Lo è, perché inevitabilmente non stacchi mai la testa: anche a casa ti ritrovi inevitabilmente a parlare sempre delle stesse cose. Anche se io e Valerio abbiamo la nostra dimensione.
E che fai quando vuoi trovare il tuo spazio di libertà?
Per adesso, ne ho poca di libertà: ho un figlio piccolo da gestire, che ha tre anni e richiede le mie attenzioni. Con la maternità, inizia un’altra vita ancora, dove non ci si ferma mai: si finisce da una parte e si comincia da un’altra.

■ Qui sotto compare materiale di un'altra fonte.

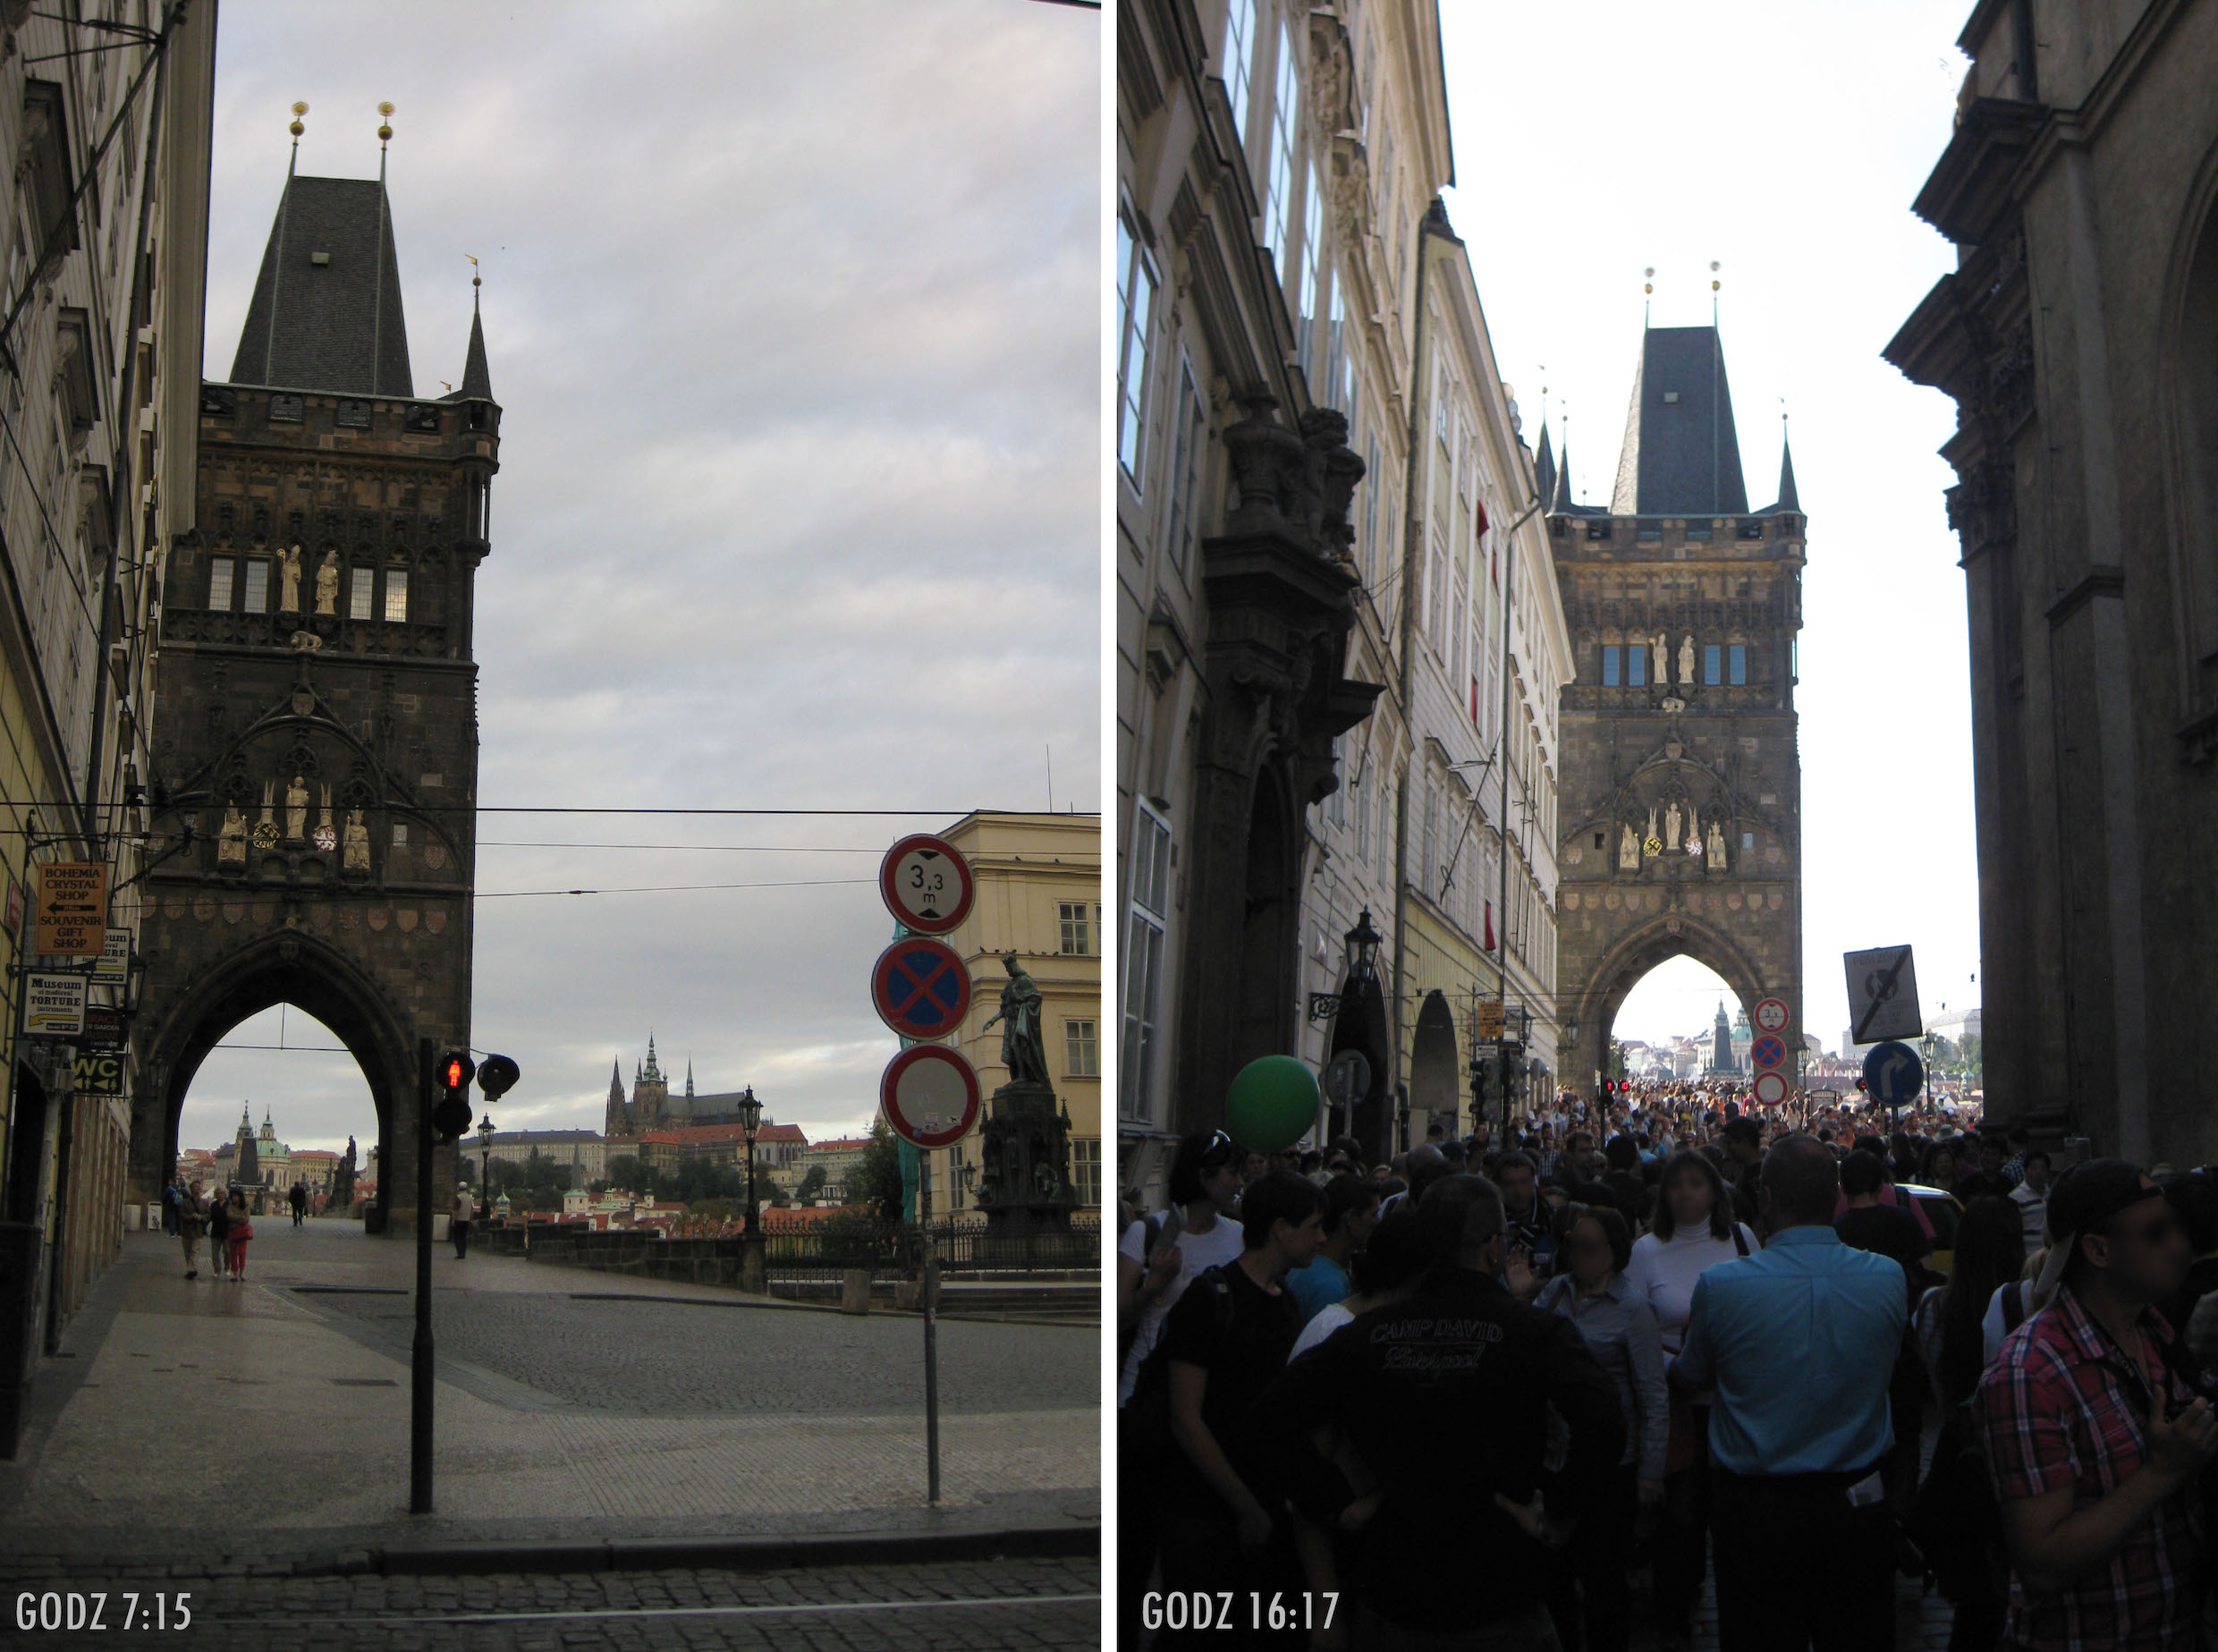 dwa zdjęcia, po lewej widok na Wieżę Staromiejską, w oddali Hradczany, zero ludzi. drugie zdjęcie: praktycznie to samo ujęcie, zdjęcie zrobione po południu, bardzo dużo ludzi

Riesco ogni tanto ad andare al cinema e a ritagliarmi del tempo per me stessa ma è la vita che è fatta così: prima avevo così tanto tempo da non sapere che fare dalla mattina alla sera, soprattutto quando non lavoravo. Ho voluto la bicicletta e ora pedalo molto volentieri (ride, ndr).
Cosa ha rappresentato per te la nascita di Ercole?
La scoperta di tanti aspetti di me che ancora non conoscevo. Ho realizzato che tipo di donna e di madre sono e ho rivisto le mie priorità, comprendendo quali sono le cose a cui devo dedicare del tempo e quali sono invece quelle che di tempo me ne rubano e basta. Per me, la sua nascita è stata una grande gioia: desideravo tanto questo figlio…
Cosa vedi di te nei suoi occhi?
Tutto, purtroppo è uguale a me. Mi sembra di rivedere me da piccola, è matto come un cavallo e mi piace moltissimo che lo sia… è come se fosse una mia specie di clone, soprattutto ora che anch’io ho i capelli corti.
Si dice che ci si tagli i capelli quando c’è voglia di cambiamento…
Io taglio spesso i capelli. Poi li faccio riallungare e, quando mi stanco, li ritaglio. Semplicemente non amo vedermi sempre con lo stesso aspetto: mi piace cambiare e mi piace divertirmi farlo anche con i capelli.
Cosa vedi quando ti guardi allo specchio?
Vedo una donna che, dopo un certo percorso, è in pace con se stessa e con la vita. Ho ancora molto da fare ma questo è per me un momento positivo a livello personale ma so anche che arriverà l’attimo in cui si ripartirà nuovamente: non c’è mai la parola ‘fine’.
E che ne sarà della gallina che negli ultimi tre episodi di Antonia accompagna la protagonista?
Di sicuro, non l’ho cucina perché oramai sono io una gallina (ride, ndr). La gallina è l’animale guida di Antonia, la trova nel suo viaggio sciamanico ed è la metafora del cambiamento: da pollo devi diventare gallina, devi crescere e superare la paura di non farlo.